Intrinsic and Extrinsic Variability in Community Dynamics II

Members of the Intrinsic and Extrinsic Variability in Community Dynamics Working Group met for their second meeting 5 to 17 January 1997 at NCEAS in Santa Barbara. Following on our first meeting in fall 1996, this session had two general objectives:

Much of our time was spent on developing several questions that had originally been proposed in our first meeting (see summary of first meeting on NCEAS Homepage). Several of our main activities in this area are summarized below.

1. Examining the relationship between zooplankton community diversity and responses to ecological factors in the ecosystems in our dataset. In particular, we sought to determine whether there were any relationships between species diversity and community responses to stress and resilience particularly in several manipulated lakes. Our initial results did not suggest any straightforward relationships between zooplankton diversity and ecosystem function in our study systems. We will also use the comparative data listed in 5 below to test for any relationship between diversity and patterns of intra-annual variability.

One valuable spin-off of this work was an investigation of the rate of change of zooplankton communities as measured by similarities of the communities in two fairly close time periods (typically two weeks) which we have termed "sequential similarity". Some interesting patterns were apparent particularly when examining similarities based upon simple functional groups.

2. Developing a categorization scheme for classifying zooplankton into about ten functional groups which were common to most of the lakes in our dataset. Tim Wootton leads the development of this classification scheme and will use it to test interactions strengths in zooplankton communities across the different lakes in our dataset. The categorization scheme was developed by the investigators familiar with each lake set in a "Delphi" session in which a common scheme was developed that did not depend upon the particular taxa in any lake.

3. Testing the applications of multivariate, autoregressive models in predicting a vector of abundances of taxa at time t from their abundances at time t-1. The basic form of the autoregressive models is Xt = A + BXt-1 + CUt + Et, where Xt is a vector of species abundances, A is a vector of constants, B is the species interaction matrix, Ut, is the matrix containing environmental drivers, and C is a matrix of constants describing the effect of the environmental drivers on the species in the system. This work was spearheaded by B. Dennis, K. Cottingham, and T. Ives who developed Matlab program to explore these AR(1) models.

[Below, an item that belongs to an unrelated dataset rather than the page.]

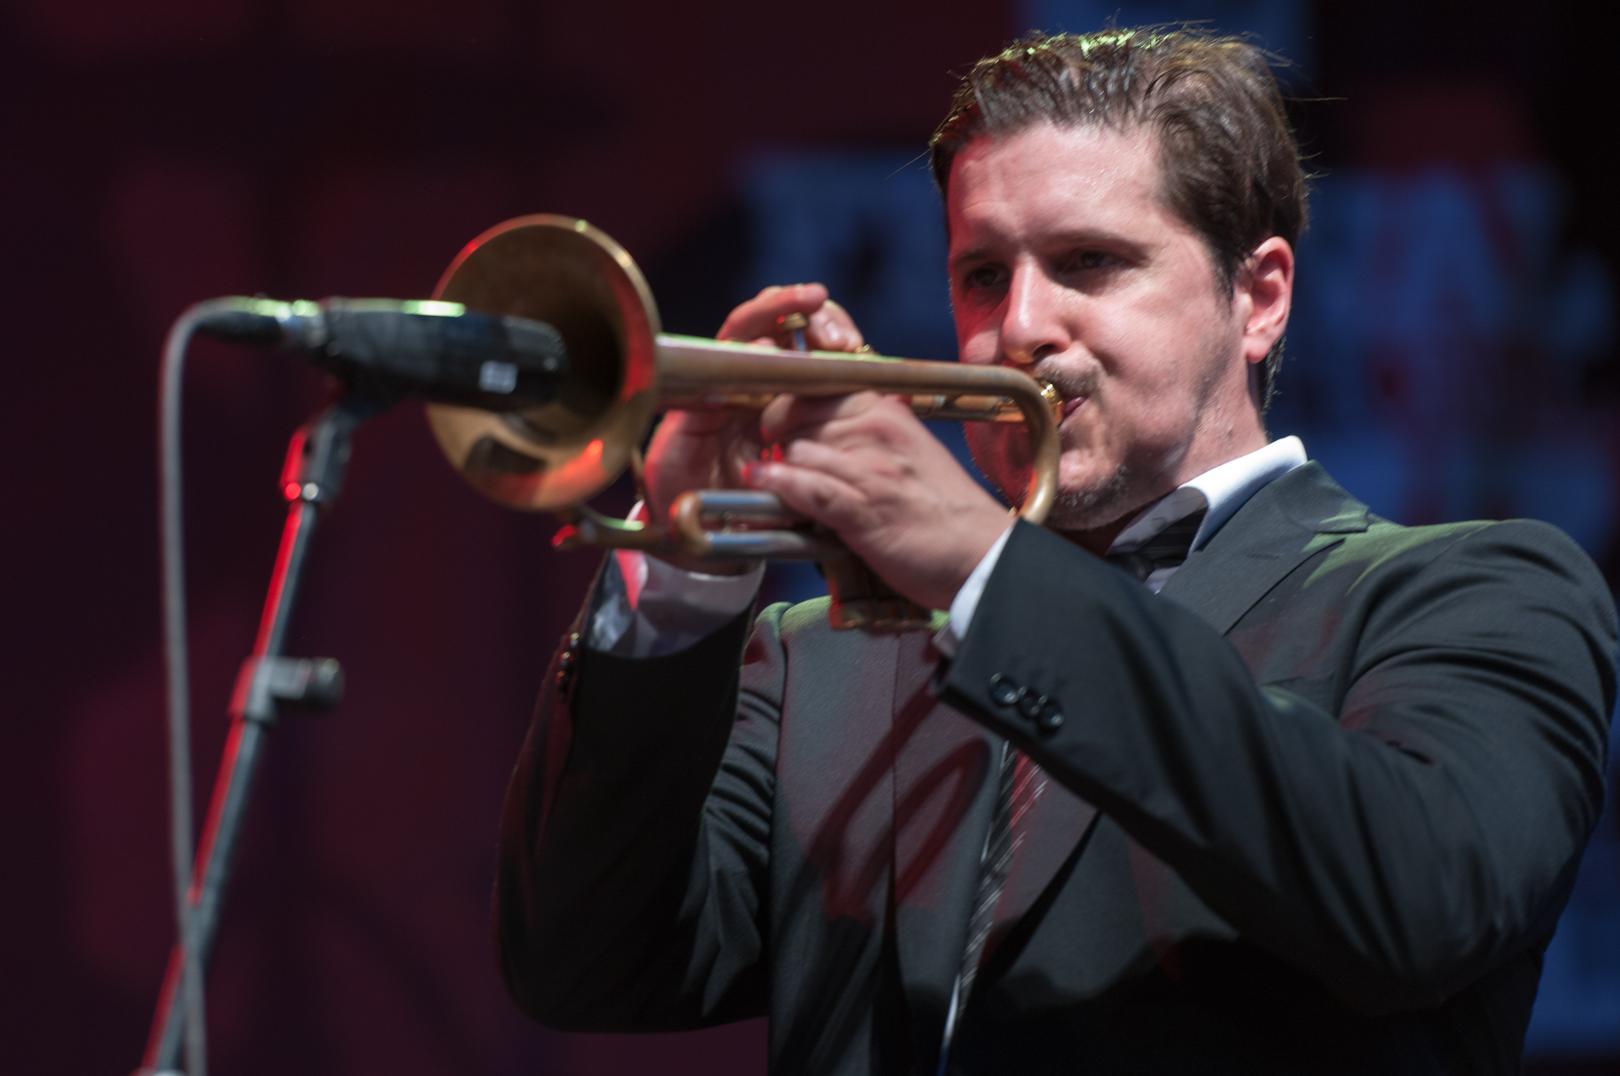 William Sperandei with Tyler Yarema at the Montreal International Jazz Festival 2012
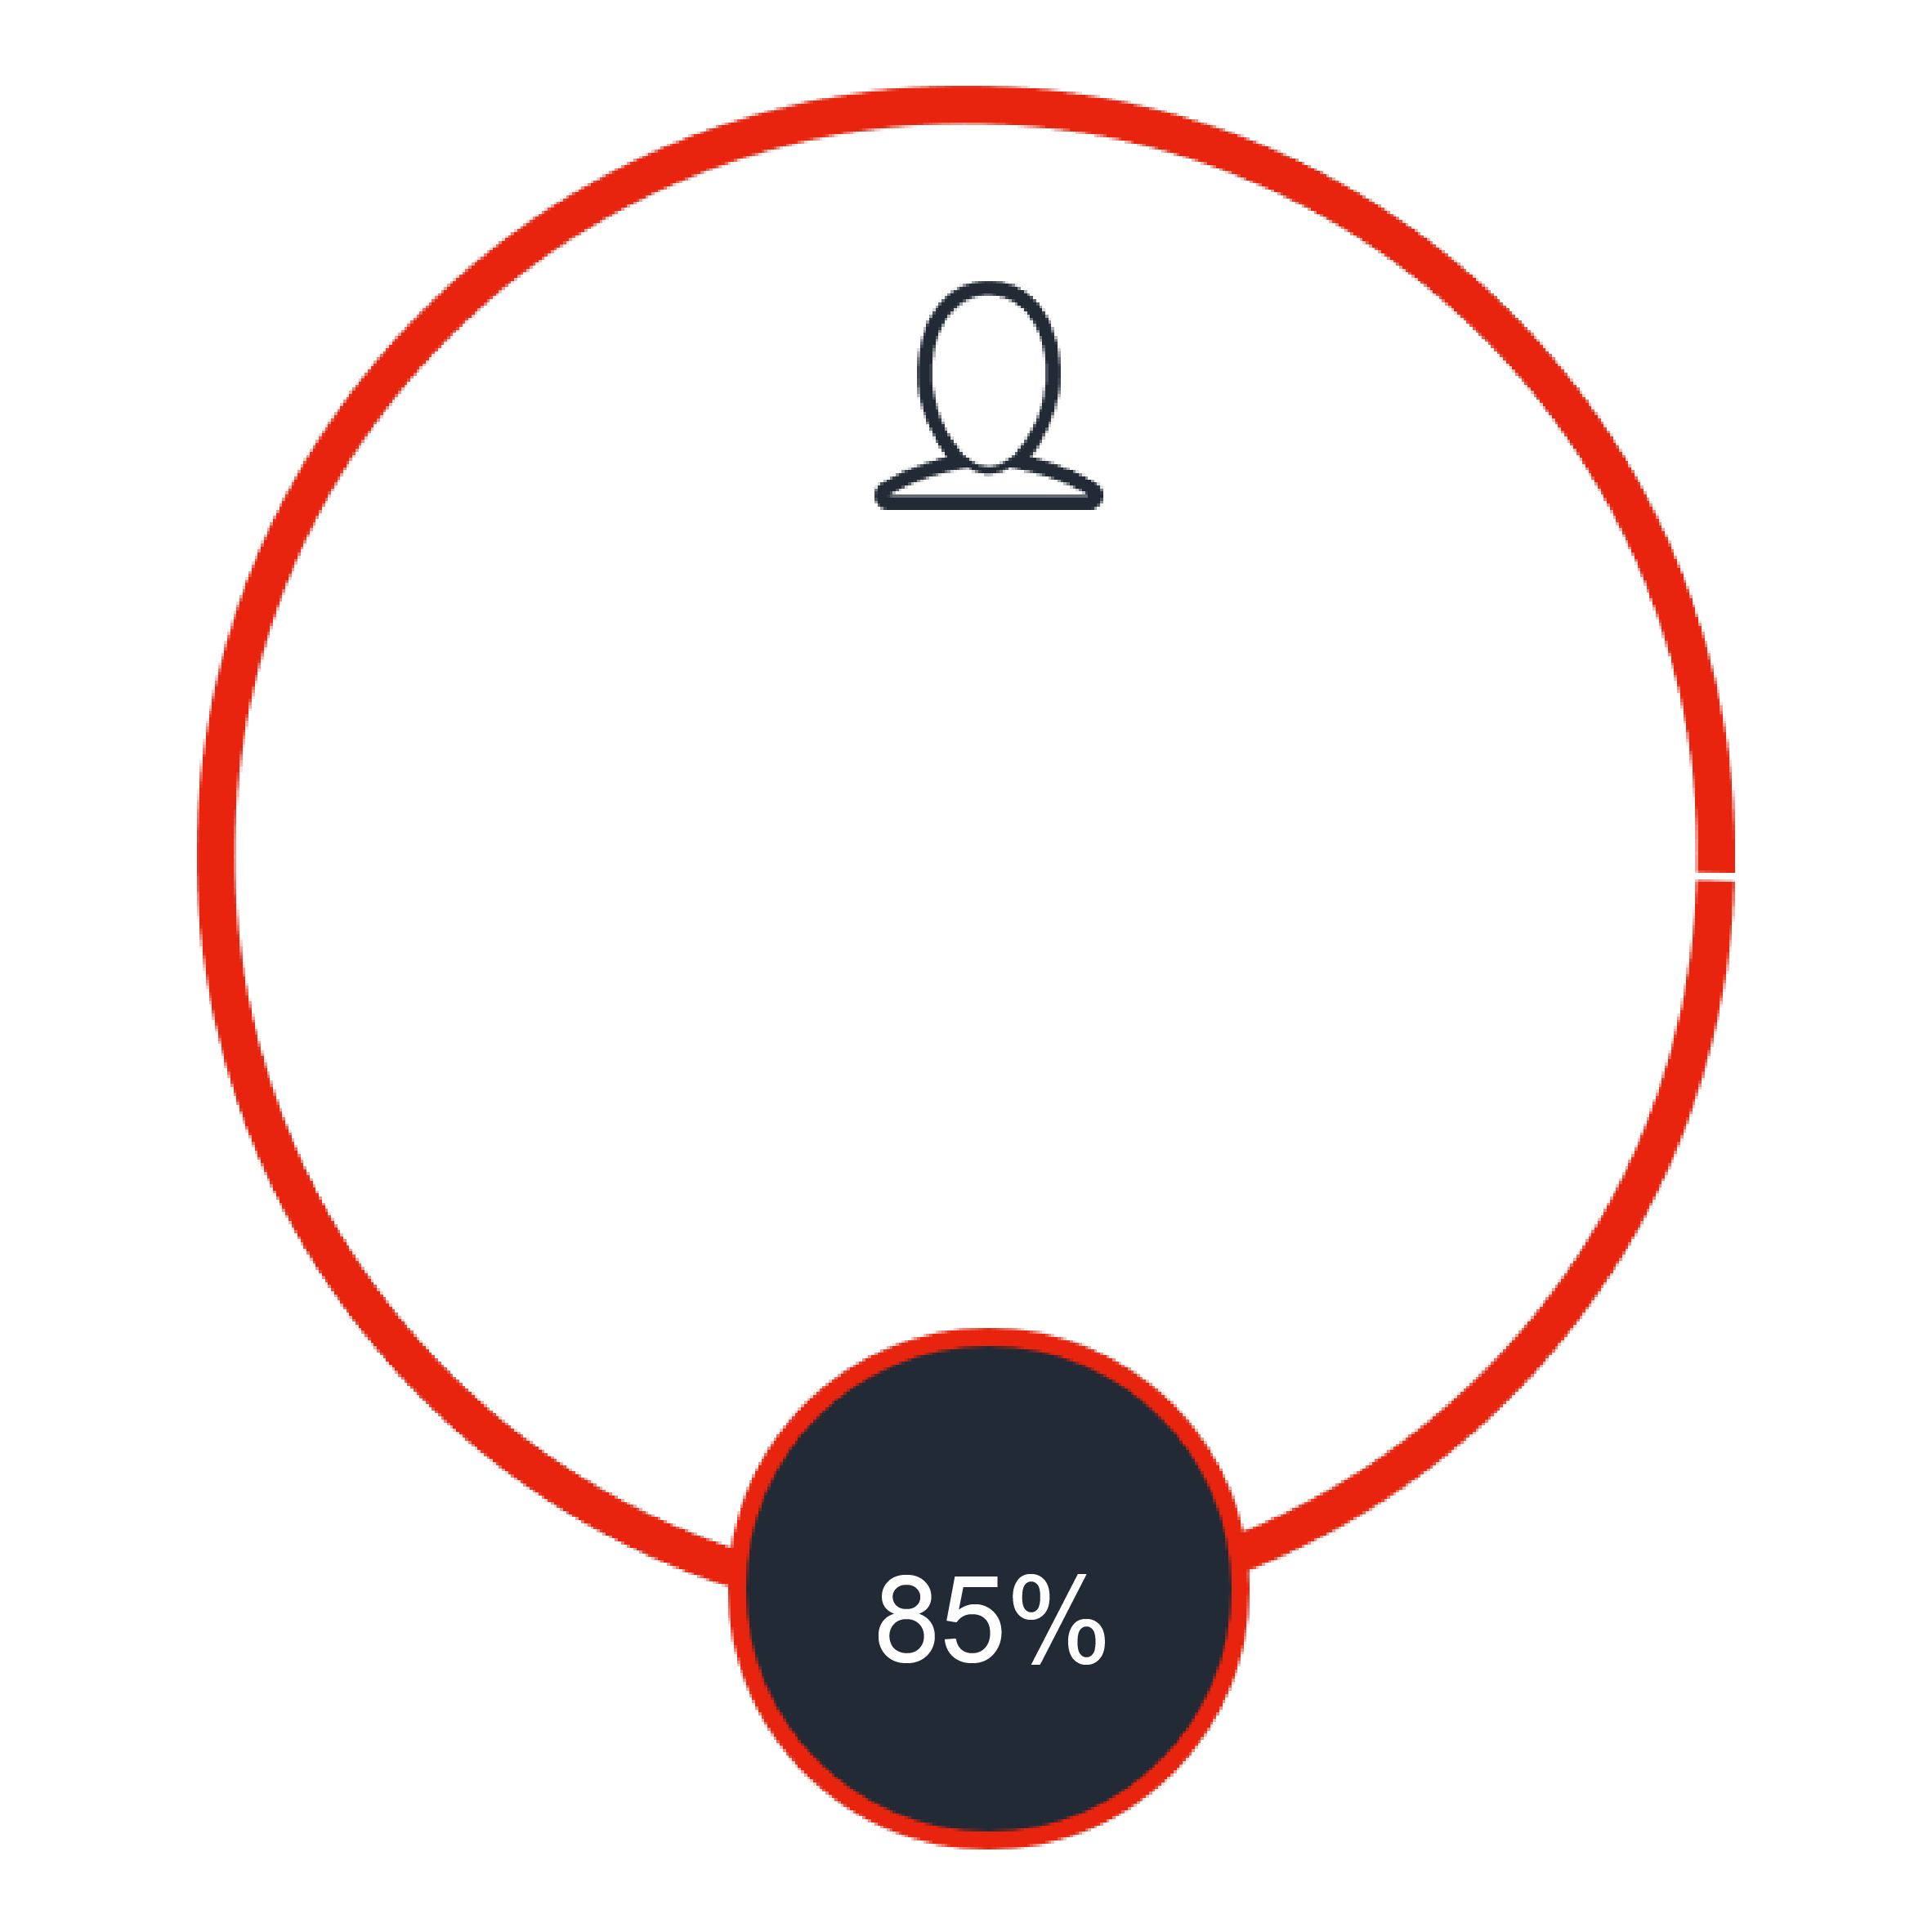 85% graph

4. Assessing the extensive dataset available from Artemia population in Mono Lake using both linear and nonlinear models of population dynamics. The Mono Lake zooplankton community, consisting of only one species, is much more simple that those from other lakes in our dataset. It therefore provides a good testing ground on which to compare linear and nonlinear time-series approaches.

5. Investigating whether there are general characteristics common to all of the reference lakes in our dataset. This will initially focus on some simple statistical properties (e.g., mean, variance, and autocorrelation) of a wide range of common lake variates particularly for zooplankton (e.g., biomass, density, species richness, size indices, compare taxonomic and functional groupings). These features will be compared at several scales including year to year, lake to lake, and region to region.

6. Following on (5) the same characteristics will be evaluated for manipulated lakes. We will test if there are certain responses that are common to all manipulated lakes. We will also examine how responses to manipulations can be related to a) lake morphometry (size, depth, flushing), b) species richness (see (1) above), c) chemistry, d) dominant predators, e) dominant prey, f) habitat or refuges.

7. Determining whether zooplankton abundances in the spring predict abundances later in the year, and whether abundances in the fall influence abundances in the following year.


Some short-term targets (nearing completion within 6 months) for our working group include

a) Quantify indirect effects of a Bythotrephes invasion in Harp lake using an AR(1) approach (Yan, Rusak, Ives, Wooton).

b) Mono Lake models (Hastings, Melack, Ives, et al.).

c) Examine the application of AR(1) models on the Cascade Lakes (Dennis, Cottingham, Carpenter, Ives).

d) Develop a paper on the use of sequential similarity indecies for zooplankton communities for a paper at ESA in August 97 (Micheli, Frost, Fischer, Klug, et al.).

e) Develop a paper on some general features of our multi-reference-lake dataset for a paper at ESA in August 97 (Cottingham, Frost, Carpenter, Ives, Yan, Patterson, et al.).

Longer term targets include

a) Extending the comparisons across all lakes, including Mono.

b) Extending the development of models for Mono Lake.

c) Expanding the comparison of the lake data into considerations of functional groups and exploring the applications of AR(1) and Alternate State assessments for these data.

d) Continue the evaluations of Spring vs. Fall and Fall vs. the following Spring comparisons.

Summary Compiled by Tom Frost with assistance from Kathy Cottingham, Tony Ives, and Norm Yan.